PROSPECTIVA: Estamos hablando de crímenes de lesa humanidad

J. Gerardo Mosqueda M

Como usted recordará estimado lector, en la colaboración editorial de su servidor de la semana pasada, estuvimos haciendo un recuento acerca de los índices de desapariciones, la movilización de colectivos, especialmente de mamás buscadoras, y por desgracia, de una narrativa irresponsable indolente y cargada de mentiras por parte del gobierno mexicano, específicamente la presidenta de México.
El comité contra la desaparición forzada de la organización de Naciones Unidas emitió un informe de abril de 2026 sobre México, se centra el informe en la persistencia de una crisis humanitaria que el Estado mexicano se resiste a reconocer plenamente.
Hay algunos puntos que se consideran críticos, porque representan los principales motivos de alarma en el informe de expertos de las Naciones Unidas:
-Existen indicios fundados de que las desapariciones forzadas en México son sistemáticas y generalizadas, lo que podría constituirse como crímenes de lesa humanidad, según el estatuto de Roma.
-Es particularmente preocupante la evidencia de colusión sistémica entre fuerzas de seguridad en todos los niveles con grupos delictivos y aunque el gobierno federal atribuye la mayoría de los casos al crimen organizado, el comité de Naciones Unidas sostiene que la falta de acción o el apoyo de funcionarios públicos configuran la desaparición forzada.
-Hasta febrero de 2026 se han registrado más de 132,000 personas desaparecidas, pero existe un rezago forense de más de 72,000 restos humanos sin identificar.
-La impunidad es casi total, con lo cual se fomenta la repetición de estos delitos.
-El comité sostiene que los despliegues militares para tareas de seguridad civil ha sido una estrategia inadecuada que trae, como efecto, que se agravan las crisis en lugar de solucionarlas.
-Es más grave todavía la respuesta del Estado mexicano.
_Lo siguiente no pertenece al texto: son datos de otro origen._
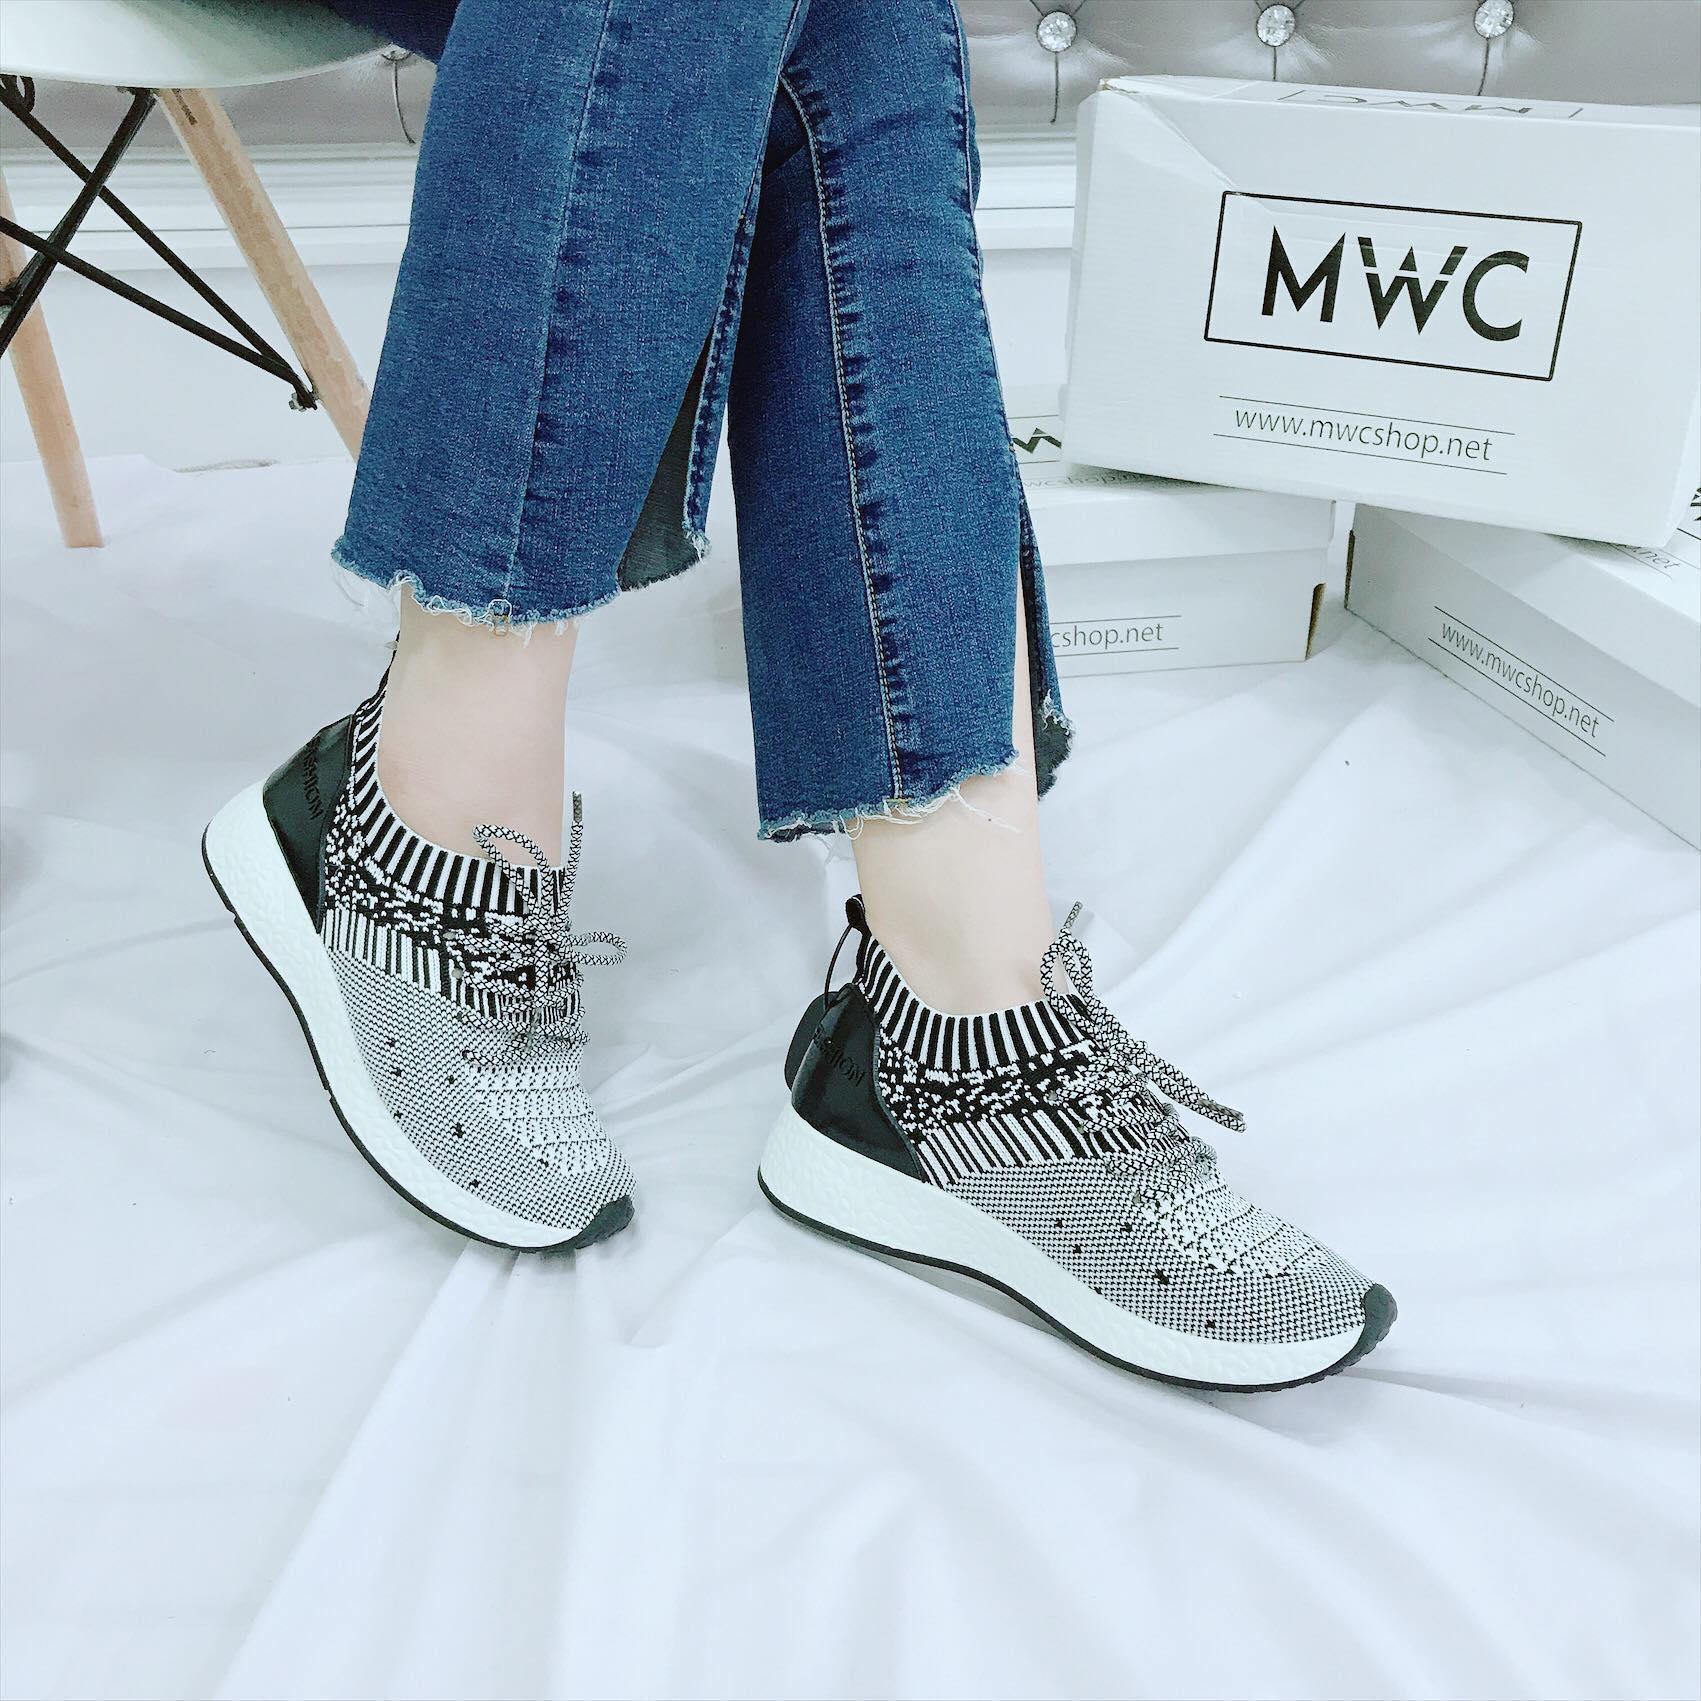 Giày thể thao nữ MWC NUTT- 0184 - XÁM

En voz de la presidente de México, el informe es calificado como tendencioso, y, por otro lado, los intentos de modificar o reducir las cifras oficiales a través de revisiones se percibe como una estrategia de popularidad política, haciendo de lado la descripción de la realidad técnica, pero sobre todo el dolor de las familias, que sin ninguna ayuda oficial salen a buscar y escarbar con sus propias manos.
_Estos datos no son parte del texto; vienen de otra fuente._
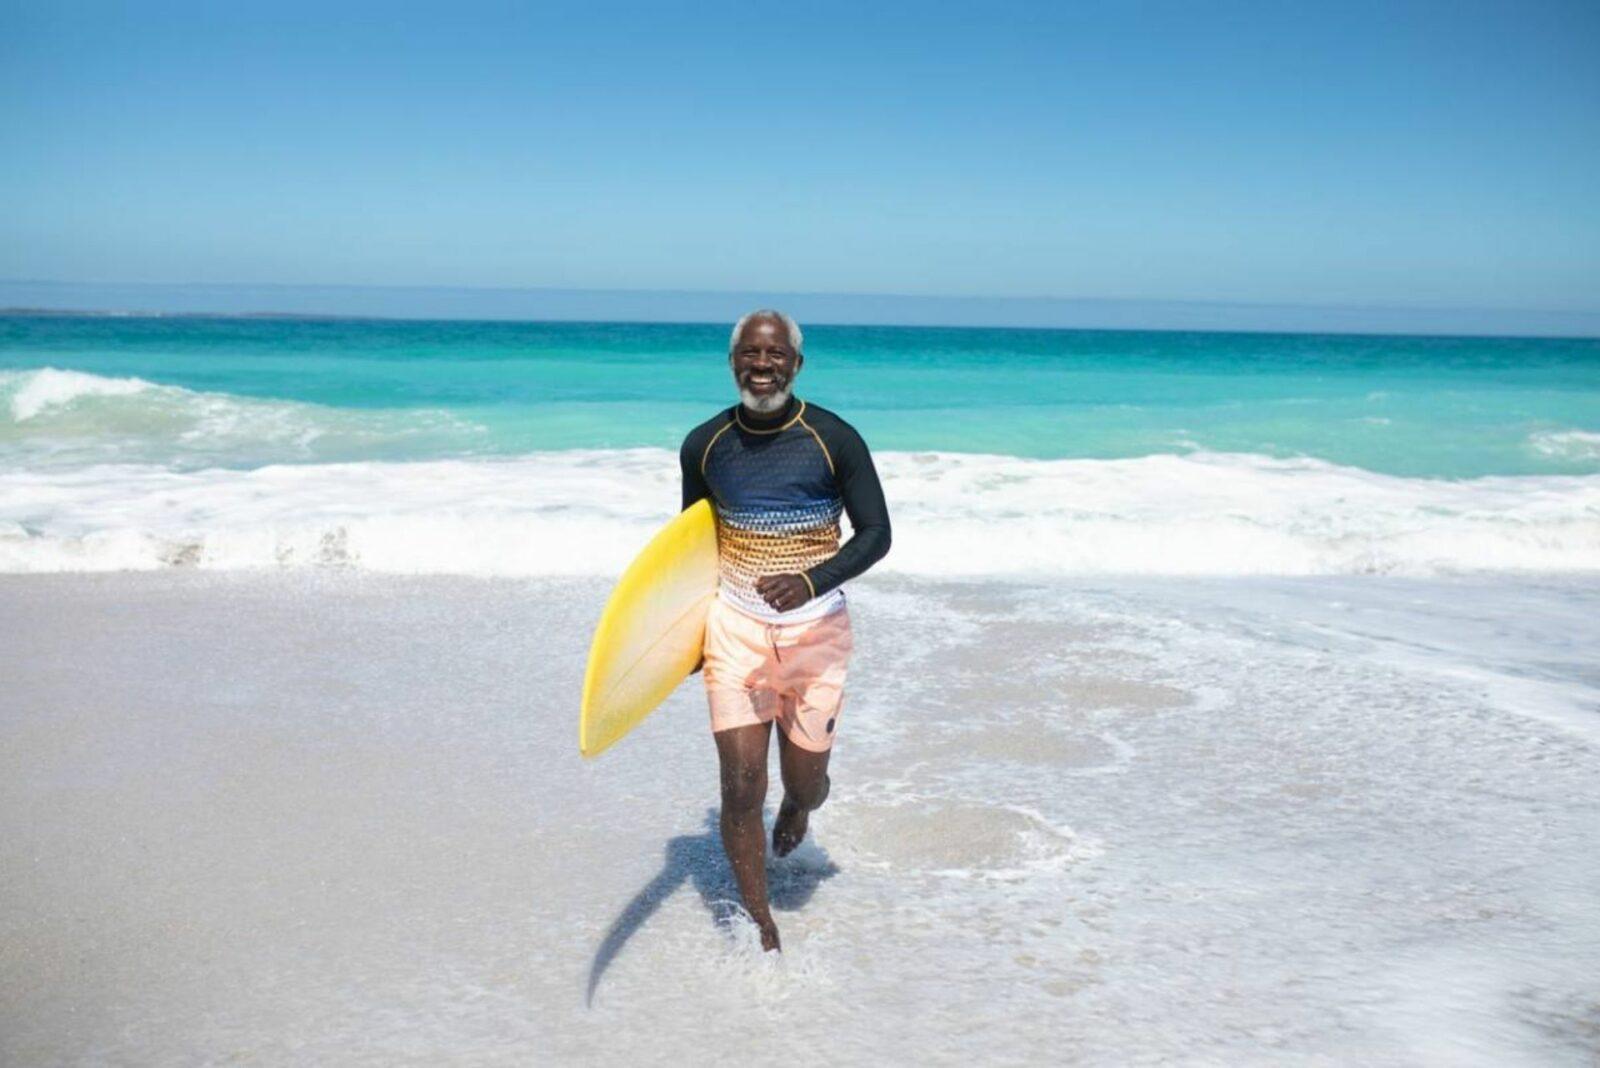 Surf : zoom sur la mode écologique

En estos momentos debería estarse poniendo en acción el artículo 34 de la convención de Naciones Unidas, donde se solicita formalmente la intervención de la asamblea general para prevenir y erradicar este crimen, porque da la impresión de que las autoridades mexicanas quieren dar por agotada su capacidad o su voluntad de respuesta efectiva.
Quizás es importante una reflexión más precisa respecto a la elaboración del informe de expertos de Naciones Unidas, mejor conocido como comité contra la desaparición forzada; este comité está apegado en un seguimiento riguroso a la metodología que se deriva de los tratados internacionales y estándares de derechos humanos; no es una suma de opiniones, ni tampoco un ejercicio de auscultación aislada, por el contrario, es un análisis técnico jurídico que integra distintas fuentes y etapas de verificación.
Trataré de resumir en unas cuantas líneas la descripción de esta metodología:
-Debe existir una recopilación de información que provenga de múltiples fuentes y los expertos no dependen únicamente de una voz. El informe se construye triangulando, datos de por lo menos tres fuentes:
-La primera proviene de informes del propio estado, es decir, el gobierno presenta sus avances, sus cambios legislativos y sus datos oficiales, según está establecido en el artículo 29 de la convención.
-La segunda fuente es información que proviene de la sociedad civil, es decir, los colectivos de víctimas y las organizaciones no gubernamentales, envían sus propios informes con datos independientes.
-tres organismos internacionales aportan datos de otras agencias de las Naciones Unidas y sistemas regionales como por ejemplo la corte interamericana de derechos humanos.
-Para casos de gravedad el comité realiza visitas al país como lo hizo en el caso de México y la metodología incluye la ubicación física en el sitio donde ocurrieron hechos de desaparición forzada. Se complementa este ejercicio con entrevistas directas a todos los niveles de autoridades, a familiares de víctimas y al personal forense. También se incluyen visitas a centros de detención, instituciones de búsqueda y servicios periciales. Se da un ejercicio de desplazamiento a distintos estados para entender las problemáticas regionales.
-Se complementa este método haciendo un análisis de contexto y de indicadores técnicos, es decir, evalúan en primer lugar la sistematicidad, es decir, si las desapariciones ocurren siguiendo un patrón repetitivo o una política implícita. Además, se comparan las leyes vigentes con su implementación real en campo y se evalúa si el Estado ha cumplido con observaciones de informes anteriores
-Antes de hacer una publicación del informe, se le envía un borrador o una lista de cuestionamientos al gobierno en turno para que aclare puntos específicos. El Estado tiene la oportunidad de presentar información actualizada, que inclusive sirva para corregir posibles errores de hecho y los expertos independientes, que deben de ser 10, en total deliberan a título personal para adoptar las observaciones finales
-Si después de este análisis, el comité detecta indicios de crímenes generalizados o sistemáticos, su metodología les permite activar el artículo 34 de la convención, elevando el caso a la Asamblea General de la organización de las Naciones Unidas para una acción internacional. Urgente.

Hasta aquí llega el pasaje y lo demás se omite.